Rajagopal Rama, Srinivasan Bhaskar, Iyer Geetha, Agarwal Manokamna
Medical Research Foundation, Sankara Nethralaya, Chennai, Tamil Nadu, India.
Eur J Ophthalmol. 2023 Jul;33(4):NP9-NP12. doi: 10.1177/11206721221100903. Epub 2022 May 9.
To report a rare presentation of bilateral, coexisting ocular surface disease in a case of Xeroderma pigmentosum and its successful management.
Case report.
A 21-year-old male with Xeroderma pigmentosum presented with bilateral ocular surface squamous neoplasia (OSSN) along with central guttae in the right eye and corneal decompensation of the left eye. Subsequently, the patient developed dry eyes and lid margin keratinization in both eyes followed by perforation in the left eye. Sequential procedures both medical and surgical, including excision of the tumour, corneal transplantation and mucous membrane grafting addressing each of these ocular surface issues resulted in a successful outcome. There was no recurrence of the tumour over 3 years. Corneal transplantation is preferably done after a minimum of 6 months following excision. Mucous membrane grafting performed for progressive lid margin keratinization resulted in surface stabilization.

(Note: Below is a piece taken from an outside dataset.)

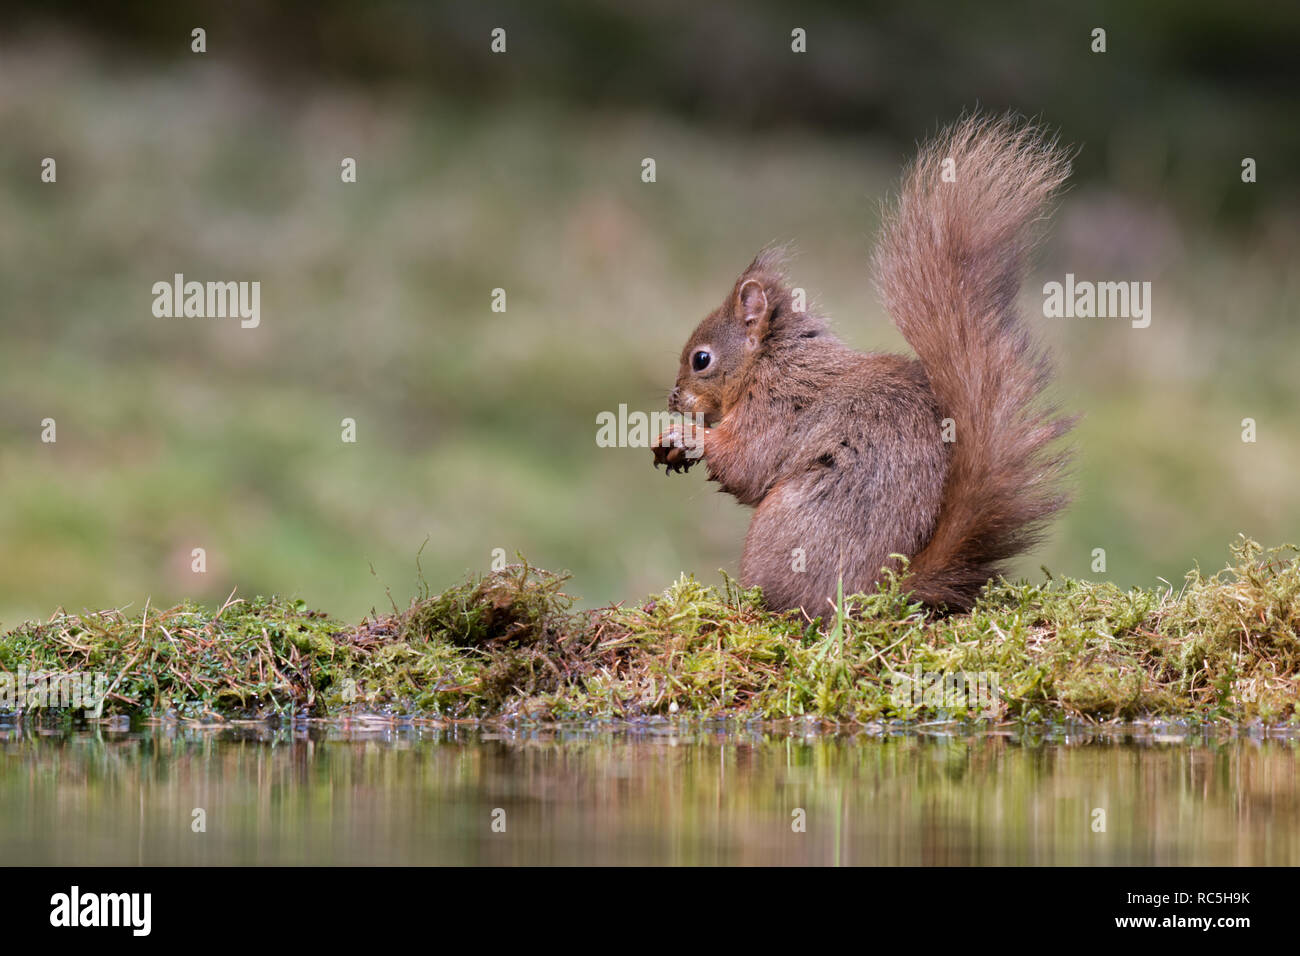 A red squirrel sitting by the edge of a pool eating. Taken at a low level it shows a slight reflection in the water Stock Photo

In Xeroderma Pigmentosum, multiple ocular surface features can rarely coexist and be bilateral. Periodic evaluation of the surface for tumours, progressive dry eyes and endothelial function is recommended as a part of routine evaluation in Xeroderma pigmentosum. Surface procedures should precede intraocular intervention. Sequential management can result in successful outcomes.
报告一例着色性干皮病患者双侧并存眼表疾病的罕见表现及其成功治疗。
病例报告。
一名21岁的着色性干皮病男性患者,双眼出现眼表鳞状上皮肿瘤(OSSN),右眼伴有中央角膜小滴,左眼角膜失代偿。随后,患者双眼出现干眼和睑缘角化,左眼继而穿孔。通过一系列包括肿瘤切除、角膜移植和黏膜移植等在内的内科及外科手术,针对每一个眼表问题进行处理,最终取得了成功的治疗效果。术后3年肿瘤无复发。角膜移植最好在切除术后至少6个月进行。针对进行性睑缘角化实施的黏膜移植使眼表得以稳定。
在着色性干皮病中,多种眼表特征很少双侧并存。建议作为着色性干皮病常规评估的一部分,定期评估眼表有无肿瘤、进行性干眼和内皮功能。眼表手术应先于眼内干预。序贯治疗可取得成功的治疗效果。